Monday, May 10, 2010

Garden update

I wandered around the garden on Saturday, admiring and plucking ingredients for dinner. Here are some photos.


Peas.
Em, remember when we planted these as seeds....
Kohl Rabi. I have no idea what to do with these crazy vegetables but will figure it out quick. One will be ready for harvesting in another week or two.
Radish. I ate this on Saturday night with dinner. Yum!
Ladybird that I rescued from drowning. Now go eat aphids...
Beans. These suckers will grow anywhere.
Not much has changed here since Em left. I've still not decided what to plant. Maybe this weekend I'll make some decisions and get some seeds in.
Chester doing his 'king of the castle' routine.
Anyone for celery!?
Only a month or so ago, this was pared back to bare earth. It's amazing how quickly things grow.
That's it for this tour. I've missed out on a few things but will do another round of the garden when some of the newer plants start producing. I'm hanging out for home grown brussel sprouts and broad beans!!  Amazing!! I can't wait!

Roast vegetable salad

Because I had intended to roast vegetables to go with the gnocchi and then changed my mind, I had some cut up pumpkin to do something with. It inspired another idea... a roast vegetable salad that I can eat with tuna for lunches for this week. I started chopping.

I roasted potato, pumpkin and carrot with cumin (whole seeds), smoked paprika, olive oil and salt. When those were done, I dumped them into a bowl and added diced green beans (from the garden), capsicum (from the garden), half a tin of corn and red kidney beans (I'll be using the other half for quesadeas for several dinners this week), celery (from the garden) and rainbow chard (from the garden).

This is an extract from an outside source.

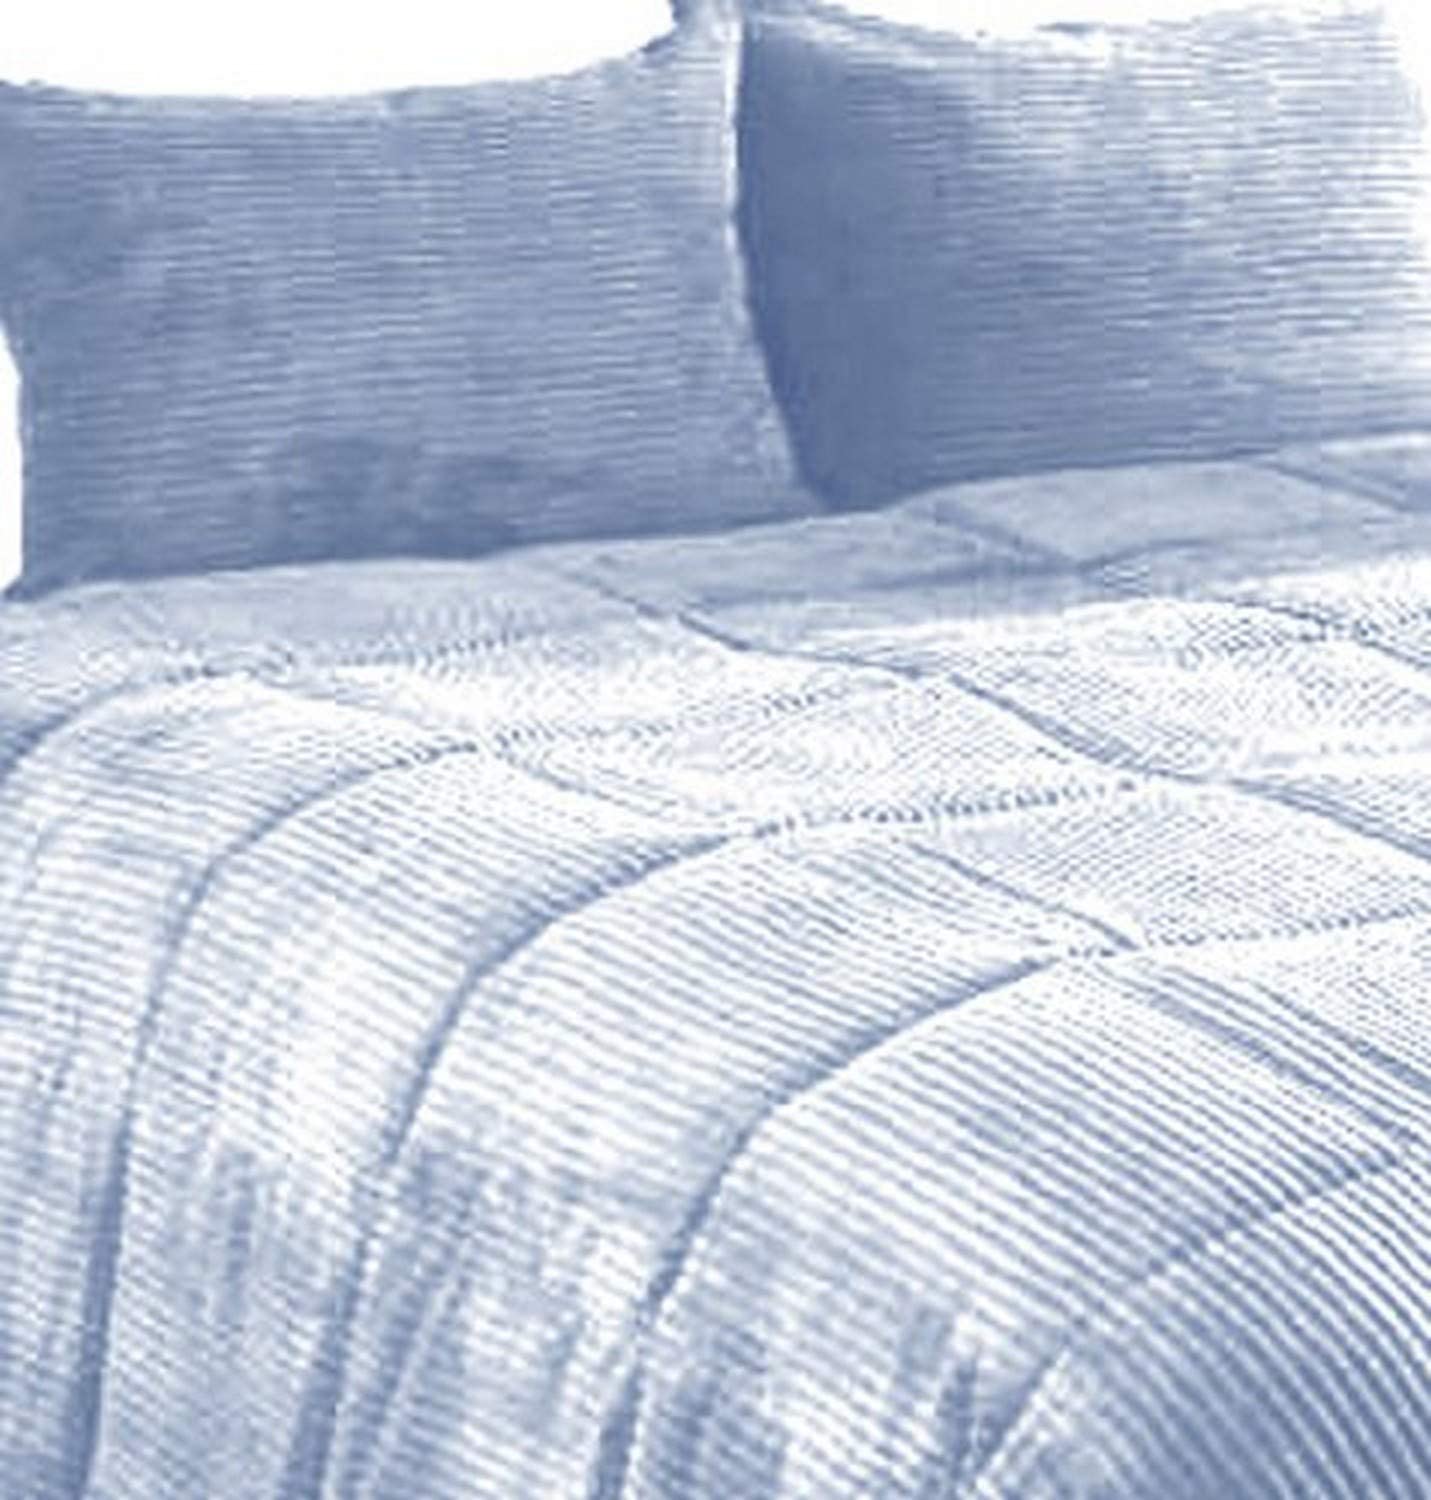 Woolino Wool Comforter Queen Duvet Washable Full/Queen Size 88x88

Mixed all around and split into containers, my impromptu roast vegetable salad gives me three generous sized lunches. I'll top each with a can of tuna for a delicious, nutritious and colourful meal. Guess what I'm having for lunch tomorrow!?
And here's the cost breakdown. It's a little pricier than the gnocchi because of the tuna but it's not protein rich enough for me to eat on its own. I also suspect that these serves are going to prove just a touch too generous, so this may end up making four meals.

Potato Gnocchi and Tomato/Bacon Sauce

At the market on Saturday I snagged a 5kg bag of potatoes for $2. With eyes and sprouts, they're not going to last for much longer than a week before they turn inedible, so making potato gnocchi went to the top of the to-do list.

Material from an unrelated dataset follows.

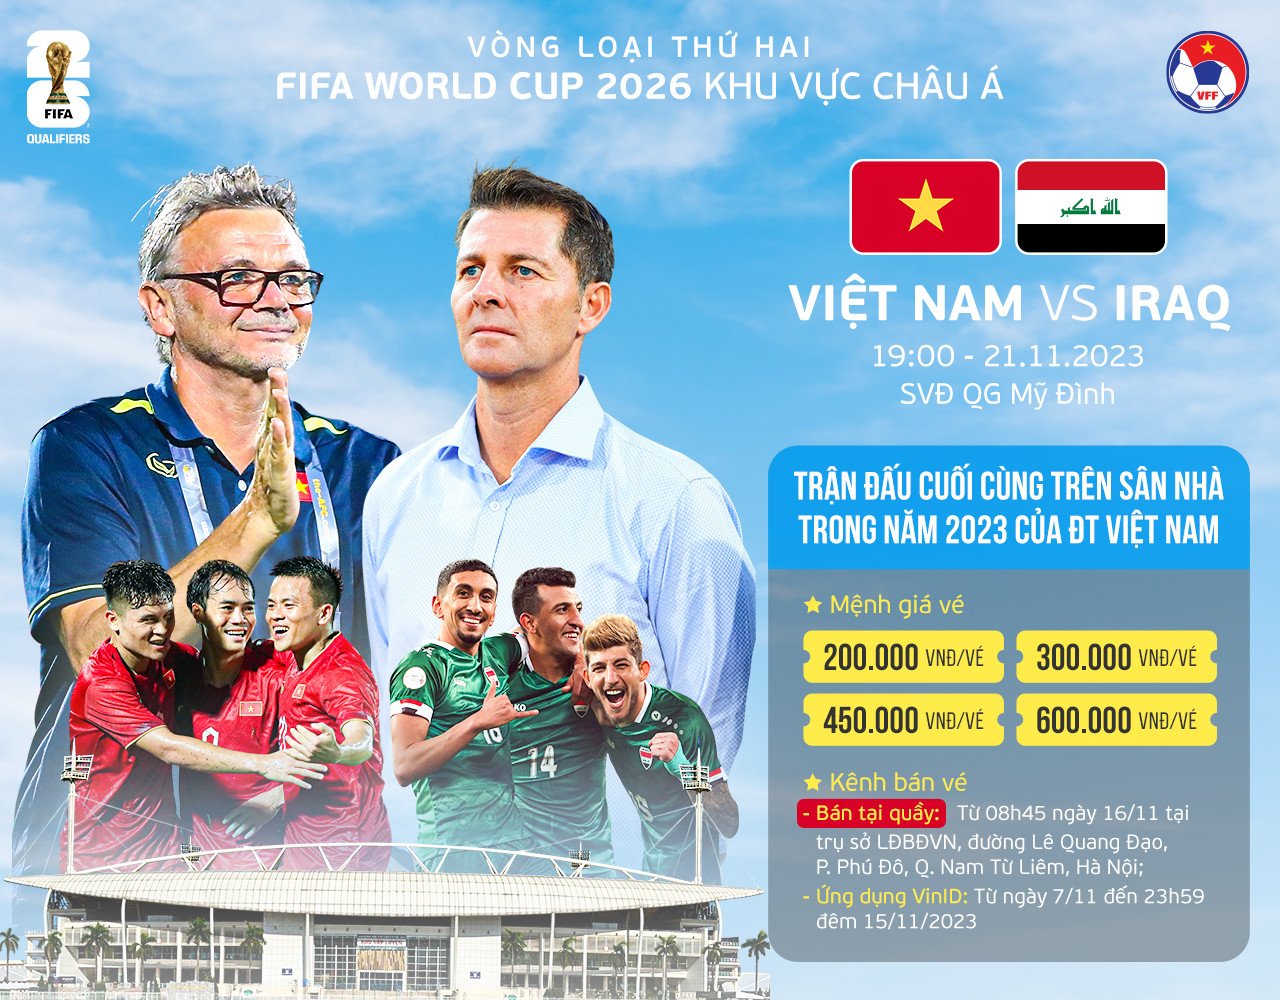 Vé xem trận đấu giữa đội tuyển Việt Nam và Iraq được bán ở đâu, khi nào? - Ảnh 1.

I used a recipe, of sorts, and because I still have lots of gluten free flours, I used rice and potato flour for the mix. They cooked up nicely enough, more spongy and airy than the ones I've made before and well suited to a sauce. I'd intended to roast some vegetables and add tomato to them to go with the gnocchi, but changed the recipe at the last moment.

I have lots of bacon in the freezer and the market haul also netted a good sized bag of onions so I threw together a bacon/tomato sauce, using some of the frozen tomato paste from the freezer to improve the taste. It made six generous sized serves, perfect for lunches.

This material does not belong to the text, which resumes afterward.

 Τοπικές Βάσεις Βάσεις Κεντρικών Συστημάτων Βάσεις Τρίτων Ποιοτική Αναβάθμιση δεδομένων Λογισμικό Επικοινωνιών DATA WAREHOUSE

Each serve works out at $1.10. Not bad for a delicious, filling and nutritious lunch. Here's the breakdown:
Oh, and I forgot... I found a container of frozen cooked pumpkin in the freezer so I tossed that in as well. That would have cost, maybe, at the absolute most, sixty cents, so technically each serving costs $1.20. That's still an absolute bargain, and delicious too!

Anxiety and depression

After years of symptoms, frustration, dietary restrictions and self-diagnosis, it turns out that I've been suffering from anxiety/depression all this time. All those physical symptoms (ALL OF THEM) were a consequence of insufficient neurotransmitters in my body. I'm now taking an anti-anxiety/depression medication and pretty much every symptom has gone. I can eat whatever I want, whenever I want and I don't suffer for it.

I'm embarassed that I put my friends and family through one fad diet after another when all I needed was a once a day pill. I wish I had figured this out much sooner. Not only would I have saved everyone (and myself) a whole lot of inconvenience and distress, but I would have saved a fortune on shonky remedies and naturopaths.

Dwelling on it is pointless. I'm glad that I'm well, or at least on the road to being well. I accept that pride and stubborness prevented me from accepting anxiety as the cause for a long time. I accept it now.